In the past, I’ve understood establishment Republicans and those who are just so stubborn, right-leaning, or whatever you want to call it, that they were going to vote for the Republican nominee regardless of anything else being said. Even when it was Bush (Jr.) V. Gore, I “got” voting Republican because it’s just what you do, and probably always has been. Why think when you can simply vote along party lines?

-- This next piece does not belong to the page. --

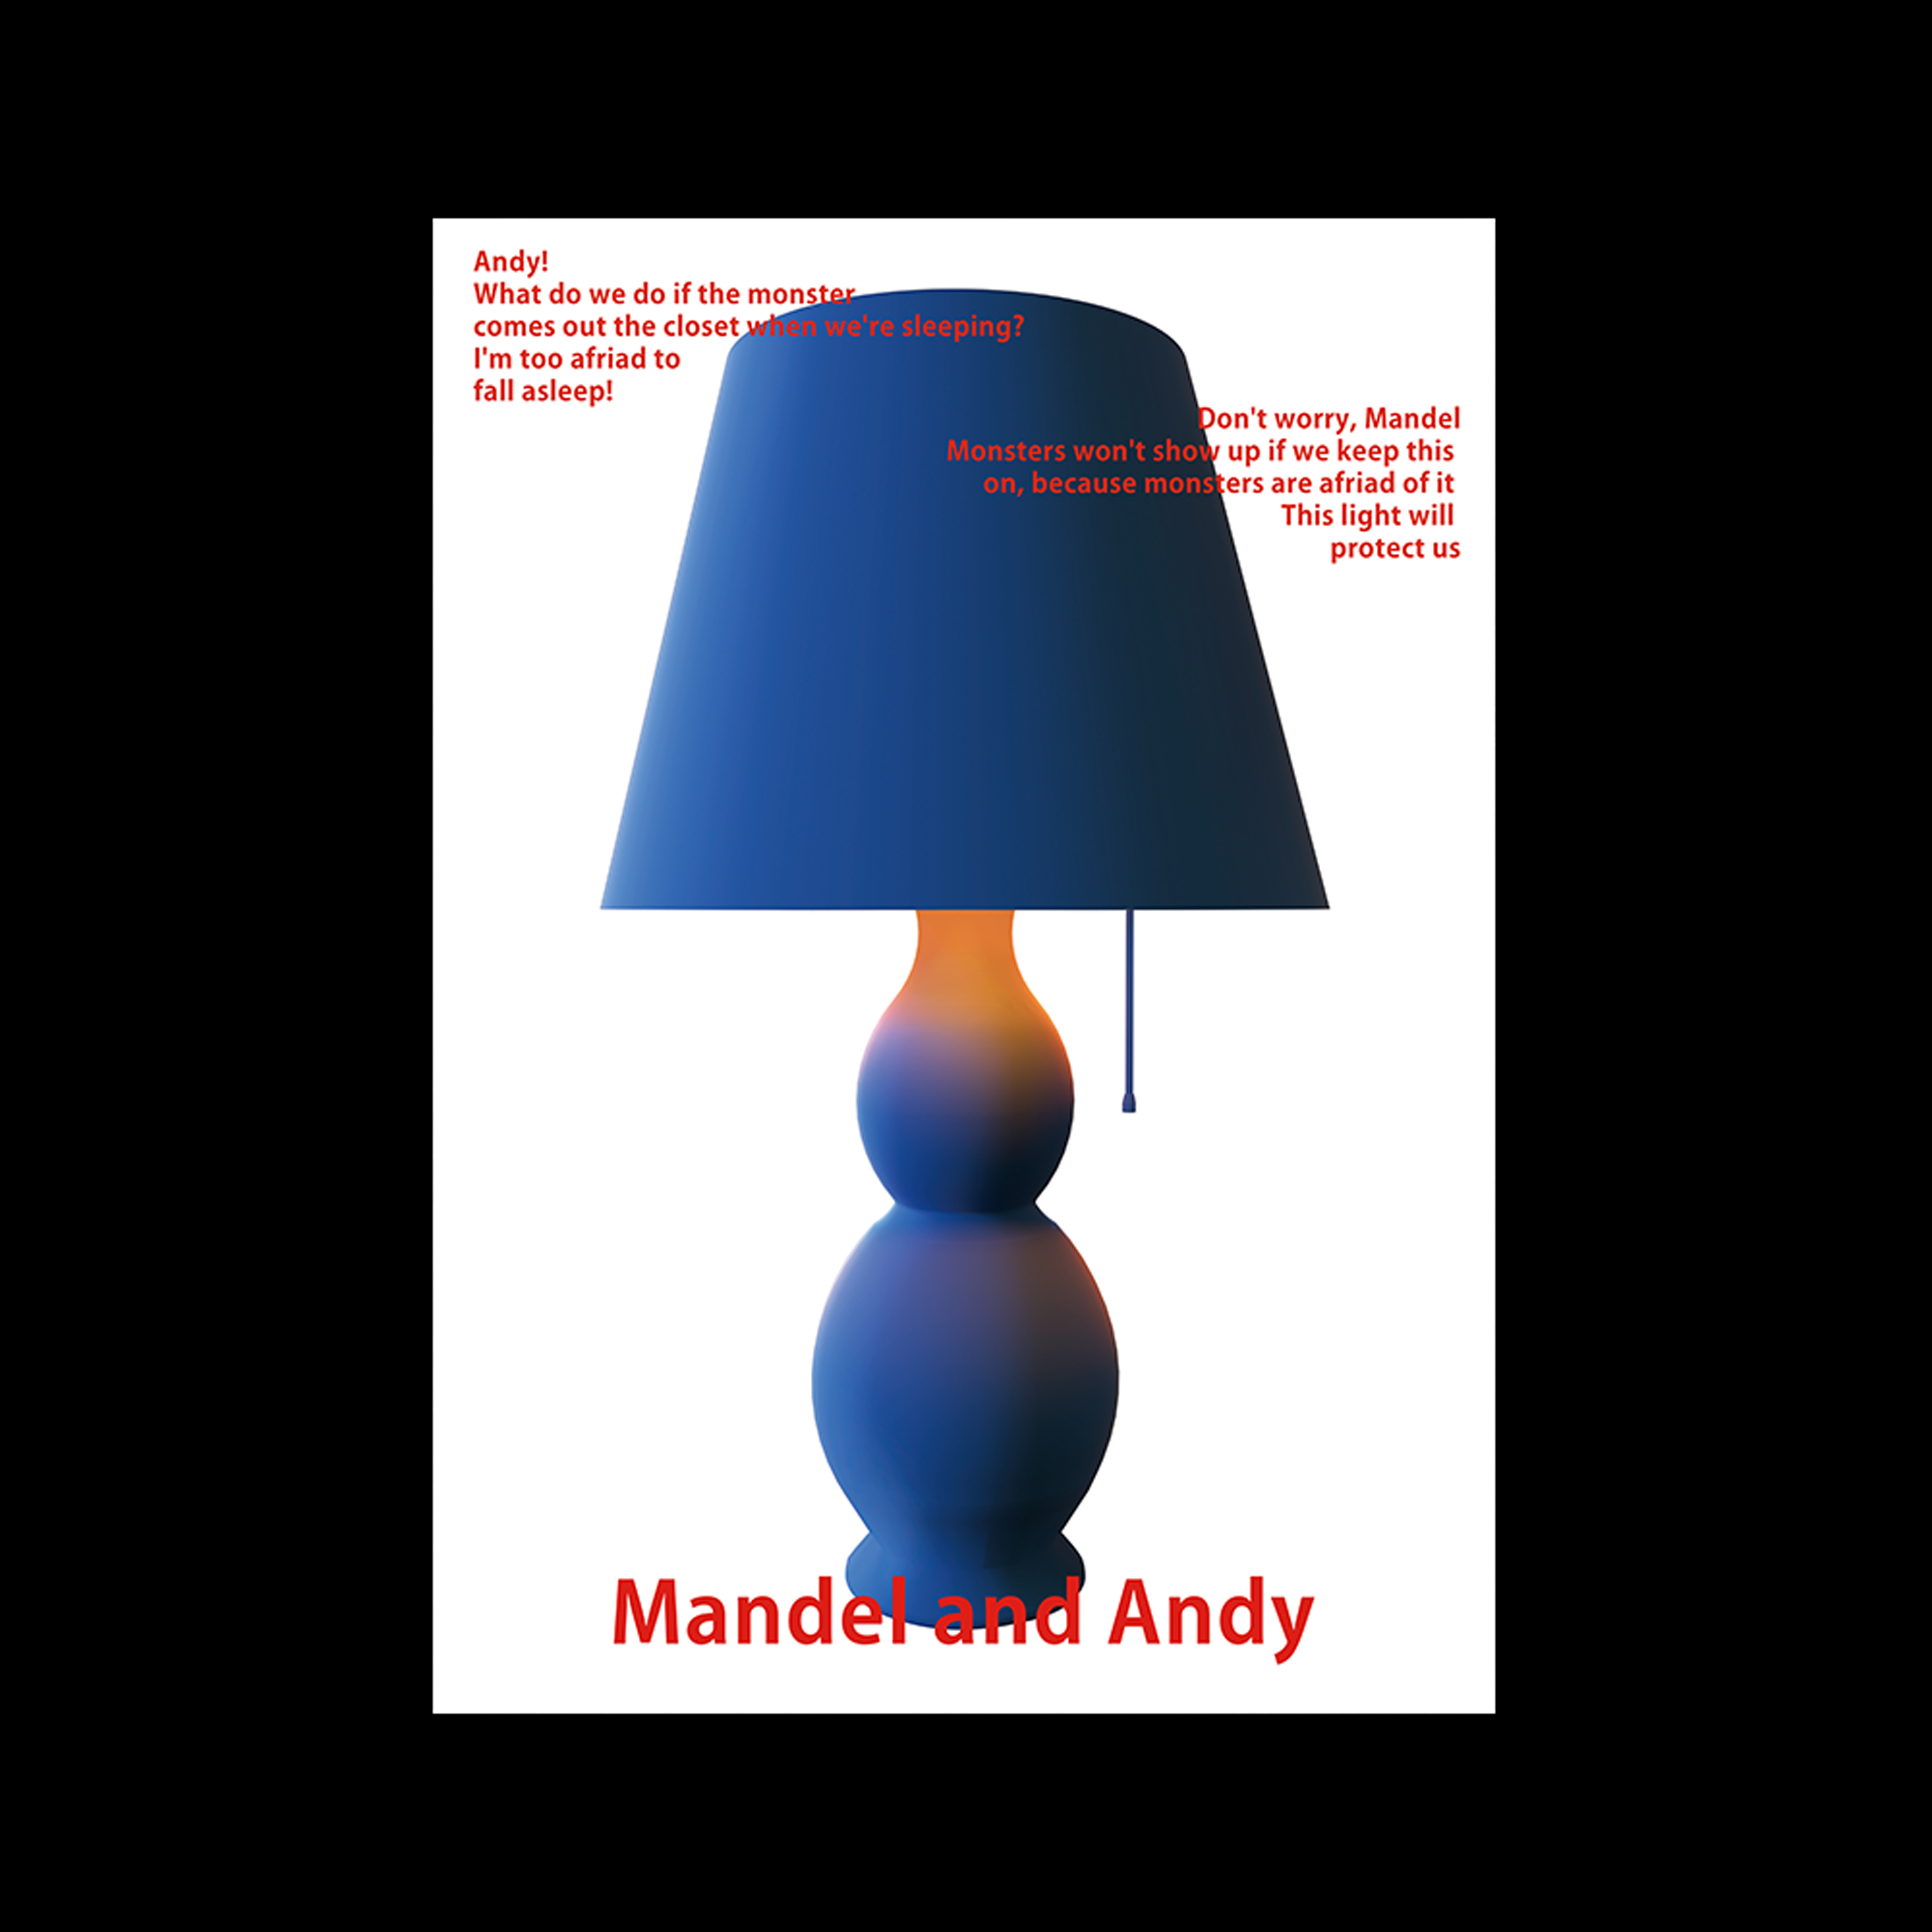 Mandel and Andy

Ladies and gentlemen, compared to our present-day situation, no candidate of any party has ever been this drastically horrifying, this stupifyingly outrageous, or this skremptilianeously flobnergated.

It’s fuckin’ bad.


Republicans, here’s why everyone is freaked out at you: you won’t just admit that you’re supporting your party, regardless of anything else. If you, for just a second said, “Look, we realize shit is bad; it doesn’t matter, we’re still voting Republican ’cause, you know, Democrats suck; we totally recognize that our candidate is fucking nuts and has no place sitting in the oval office,” the rest of the world might do that cartoon thing and pull their chins back up to their mouths the way we close living room blinds.

Kind of like this.

Look, the world is mortified because YOU ARE VOTING FOR THE SCARIEST MOTHERFUCKER TO EVER RUN FOR OFFICE! I won’t make a laundry list of the crazy shit he’s done, such as:

-Making fun of someone with a developmental disability

-Bragged about sexually assaulting women

Which side of THE wall does this sign go on, Donny Boy?

Denied having done anything wrong, despite overwhelming evidence (including himself as the witness, in many cases)

-Having his strongest campaign platform being the forcing of another country to build us a wall to keep “mimigants” out of our country

Not only is he not very… well… presidential, but also he’s just scary.


What’s the most helpful thing you can do, Republicans who so brazenly boast about voting for the most villainous candidate for president ever? Admit that you’re being stubborn. While plenty of Republicans have finally had the courage to say, “I can’t support that, even though I love my party,” you have chosen to grab on to any slough of reasons that justify such a heinous stance.

However, we are ALL entitled to our opinions and belief, however nuts they are. Since you have numbers on your side, crazily enough, your political beliefs fall more into the category of religion than cult. I’ll repeat the best advice I have: please be forward and admit that Big Donny T. is nuttier than squirrelshit and the fact that you are stubbornly voting Republican “irregardless” of everything you know and hold dear.


It’ll save you a little face, in the end.

Well… kinda like this…

5 thoughts on “Mindless Supporters: STOP FREAKING EVERYONE OUT! OR Big Donny T. and the Unquestioning GOPs”

  1. I don’t know if these crazy people are voting for their party OR if they are just sexist pigs who can’t handle a strong woman. A strong man is admired (NOT D. Trump) but a strong woman is a BIT$#! It reminds me of all the racist folks when Obama was running. I think it is really scary how many people will vote for that ridiculous man instead of an educated woman with years of experience.

    Liked by 1 person

  2. I see you wrote this when most of us still thought this douchebag didn’t stand a chance in hell. And that made me realize that I now pine for the “salad days” of pre-November 8, 2016. *sigh* It was still a great post, though.

    Liked by 1 person

    1. Thank you, again, for the positive feedback. Yes, we all believed said asshat didn’t stand a popsicle’s chance in hell. Longing for the salad days, indeed! BTW, I’m very excited about another post in the Apoca-Lit department. It only gets messier!